Obfuscated code tends to stand out to human eyes because it creates patterns that are very distinct from the code on the rest of the page. There are different styles, so this example won’t teach you to spot all of them but believe me when I say that once you’ve seen a few you will be able to rapidly scroll through a page and spot the blocks of evil code. In my example, the evil code looks like this:

1 Raw JS

Distinguishing features include:

  • large wall of text where code above and below is relatively short and spaced out
  • random looking letters that make no sense
  • lots of little groups of numbers
  • a “document.write” command
  • not seen here, but an “eval” command is often associated with malicious javascript – worth mentioning because this one is relatively rare in benign code whereas “document.write” is common.

None of these is evil in itself but they’re common things to see in evil javascript.

The first thing you need to do is break out the stuff between the script tags into a separate file to play around with it. I’m going to do my decoding using Python because that’s what I’m used to but you can use pretty much any language for this. Find statements separated by semicolons and split them on to new lines so it’s easier to follow (for large, complicated blocks you might want to use a tool like JSPretty but this one is quite simple).

2 JS line by line

Once you’ve done that you can start to get an idea of what is in there. In this example, there are variables ‘a’, ‘b’, ‘c’, ‘clen’, then a for loop, and finally an unescape statement.
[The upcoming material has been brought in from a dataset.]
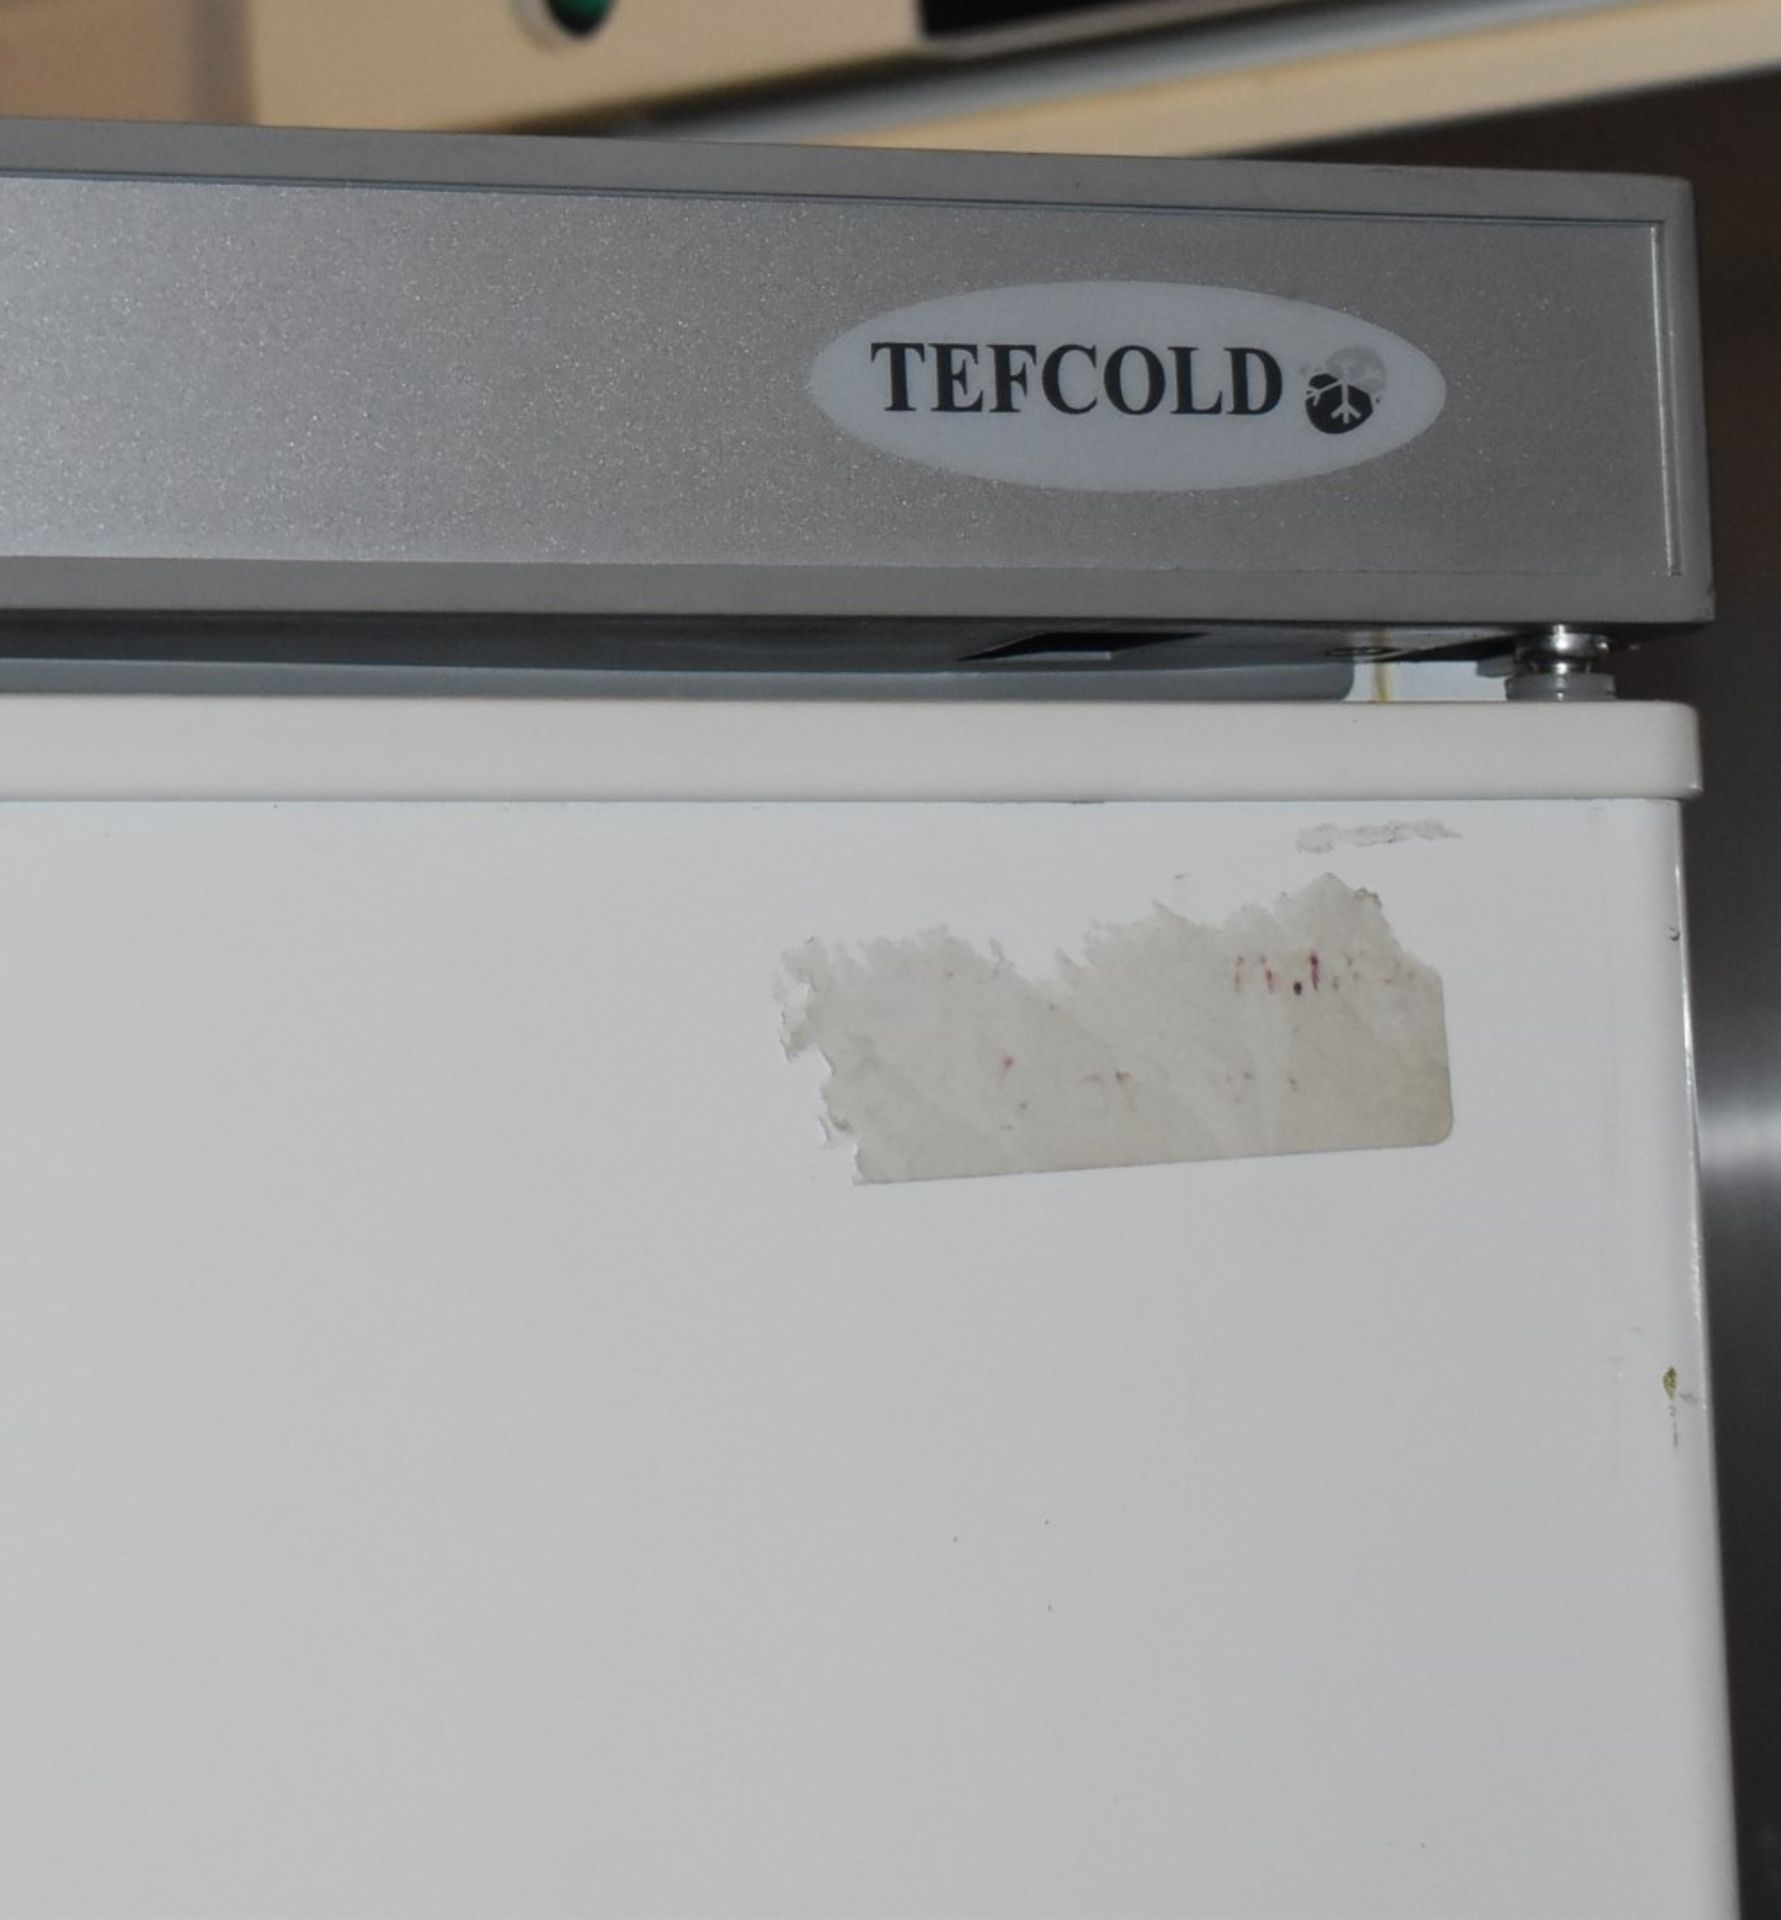 1 x Tefcold UR55 Upright Commercial Solid Door Refrigerator - Size: H172 x W77.7 x D72cms - Ref: - Image 3 of 8

Breaking down the for loop further, it does the following:

  • iterates through every character in ‘a’
  • in each iteration, get the numeric ASCII value of the character
  • bitwise XOR that value with 2
  • convert the resulting value into a new ASCII character
  • append the new ASCII character to a string

This is something that converts very readily to Python, like so:

3 JS to python

Followed by the output:

4 decode stage 1 output

This gives us a URL-encoded string (character codes preceded by % symbols). Python has a built-in library, urllib, which can decode this for us.

5 url encoding handling

Finally, we get a human-readable version of the content.

6 final output

The “document.write” command would have written the decoded content to the browser which as you can now see would have created an 0x0 sized iframe calling a resource from teaserguide[.]com. If you haven’t already read Zscaler’s article showing what happens after that, I highly recommend that you do so now.

This was a pretty low-level example; some malicious code has obfuscation three or more levels deep. Others use weird tricks in javascript to produce code that is mind-bendingly hard to pick apart such as the JJEncode technique (warning: you might need a stiff drink and a lie down after looking at that one – I did, and I take my hat off to whoever wrote the script to reverse it). I hope this was helpful to get you started.